Политическая власть в русской метафоре. Любая форма политической власти может быть описана как субъект-объектные отношения между теми немногими, кому она дана, и тем большинством, на кого она направлена. Отличительная особенность русского языка состоит в том, что многие слова, используемые для наименования тех, кто осуществляет власть, не являются исконно восточнославянскими. Традиционные номинации князь и король были заимствованы из германского праязыка, царь и император – из латинского, боярин — предположительно из турецкого [Черных 1993, I: 106, 210, 344–345, 431; 1993, II: 361–362]. Таким современным номинациям, как секретарь, министр, президент, депутат русский язык обязан французскому. Пересматривая титул о рангах, Петр I заимствовал шляхетство из польского, а названия некоторых чинов из немецкого и шведского языков [Raeff 1993: 34–35]. Дореволюционные термины государь, дворянин и знать и более поздний председатель имеют восточно-славянское происхождение, но по крайней мере два последних из них, вероятно, образованы от французского с помощью калькирования. Существует мнение, что дворянин может быть производным от немецкого hof (двор (королевский, княжеский)). Изначально дворяне занимали низший ранг в правящем сословии. Только благодаря тому, что обладатель титула царь полагался на них в конфликтах с боярами, положение дворян повысилось [Черных 1993, I: 233–234]. Подобные процессы наблюдаются не только в русском языке. Английские номинации noble, president, senator, member of parliament, representative, secretary и minister происходят от латинских слов посредством французского языка; rule восходит к латинскому, а government пришло из греческого через латинский язык.
Иностранное происхождение политической лексики имеет непосредственное отношение к более широкой версии нашего предположения. Заимствованные слова либо меняют свое графическое обозначение по воле случая, либо модифицируются согласно фонетическим законам принимающего языка. Несмотря на то что – оро– в слове король указывает на восточнославянский вариант, следующий за ним палатализованный л нетипичен, по крайней мере в именах существительных; – арь в слове царь часто встречается в названиях современных русских профессий (хотя нужно редкое чувство юмора, чтобы отнести к одной категории слово царь и такие профессии, как слесарь или токарь), однако только в этом слове ему предшествует одна согласная, а не слоговый корень.

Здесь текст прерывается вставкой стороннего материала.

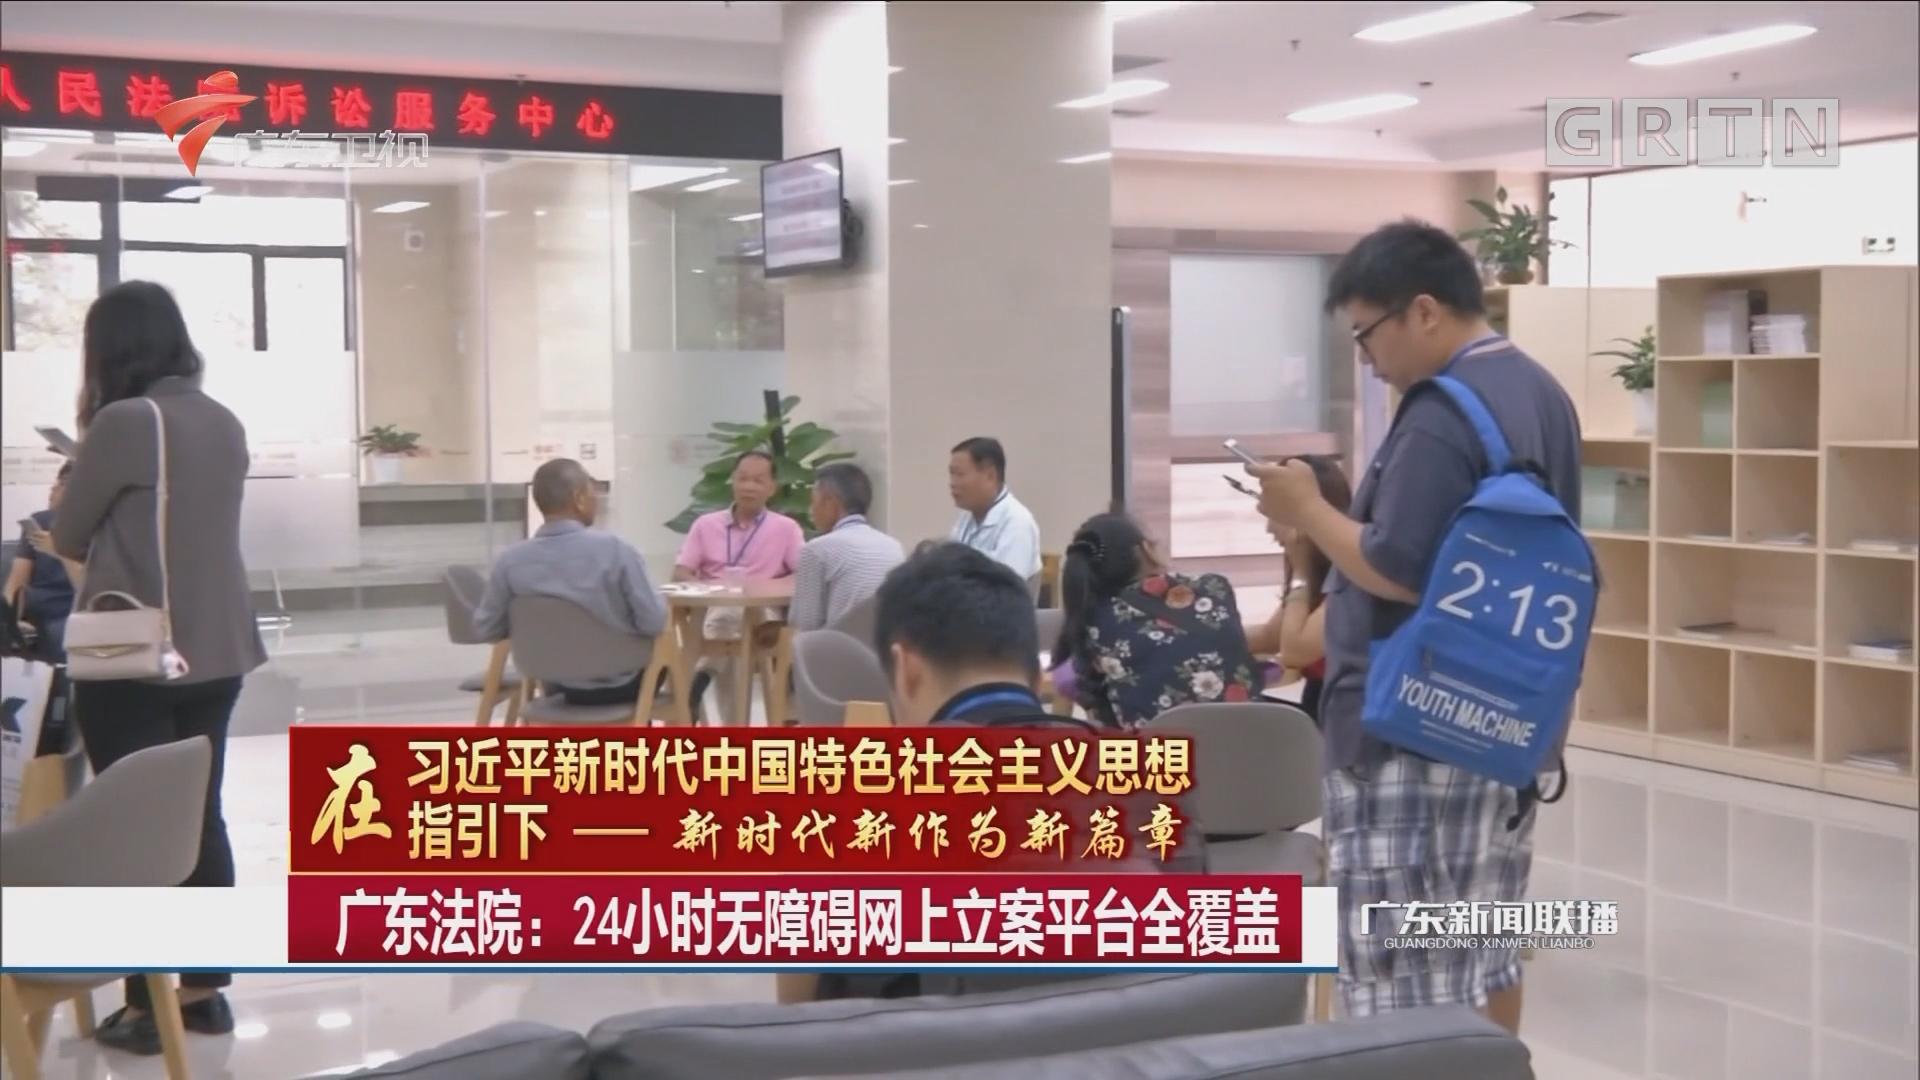 广东法院:24小时无障碍网上立案平台全覆盖

На фоне таких исконных слов, как народ и folk, сама чужеродность политической терминологии, обозначающей объект политической власти, создает фонетически заметную фигуру, выделяющуюся на фоне фонетических особенностей исконных слов.

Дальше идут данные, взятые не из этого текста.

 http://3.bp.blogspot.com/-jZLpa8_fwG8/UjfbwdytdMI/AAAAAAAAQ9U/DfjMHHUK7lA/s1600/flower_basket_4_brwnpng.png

Номинация соборность может рассматриваться как метафора восточнославянского происхождения, созданная для концептуализации качества и характера политической жизни России. Остается спорным вопрос, насколько характерен данный признак российскому дискурсу. Созданное впервые в XIX веке землевладельцем-интеллигентом А. Хомяковым для обозначения качества, присущего Православному Христианству, данное понятие, без убедительных на то оснований, было распространено его младшим коллегой К. Аксаковым применительно к политической жизни, став естественным для традиционной России, но абсолютно неприемлемым во времена Петра I и его наследников [Wieczynskii 1976, I: 82–84; 1980, XVI: 171]. Возможно, последующее ограничение употребления этого понятия внутри узкого круга интеллигентов-дилетантов не позволило лексикографу XIX века Далю включить его в словарь русского языка в виде отдельной статьи. После распада Советского Союза часть современной российской интеллигенции вновь заговорила о соборности как об отличительной черте политики России в сравнении с демократией Запада и присущим ей индивидуализмом. В книге В. Сергеева и НДБирюкова [Sergeyev, Biryukov 1993], уже в заглавии которой выражен контраст между демократией и «традиционной культурой» России, авторы утверждают, что несовместимость соборности с индивидуализмом обусловливает неполноценное функционирование таких выборных институтов власти, как парламент или президентство. Именно на этот аргумент ставила ставку зарождающаяся оппозиция, выступавшая под названием «патриотические силы», создавая добровольные объединения представителей различных взглядов и убеждений с целью формирования прочной коалиции и возрождения подлинной российской государственности [Проханов 1992; Зюганов 2003].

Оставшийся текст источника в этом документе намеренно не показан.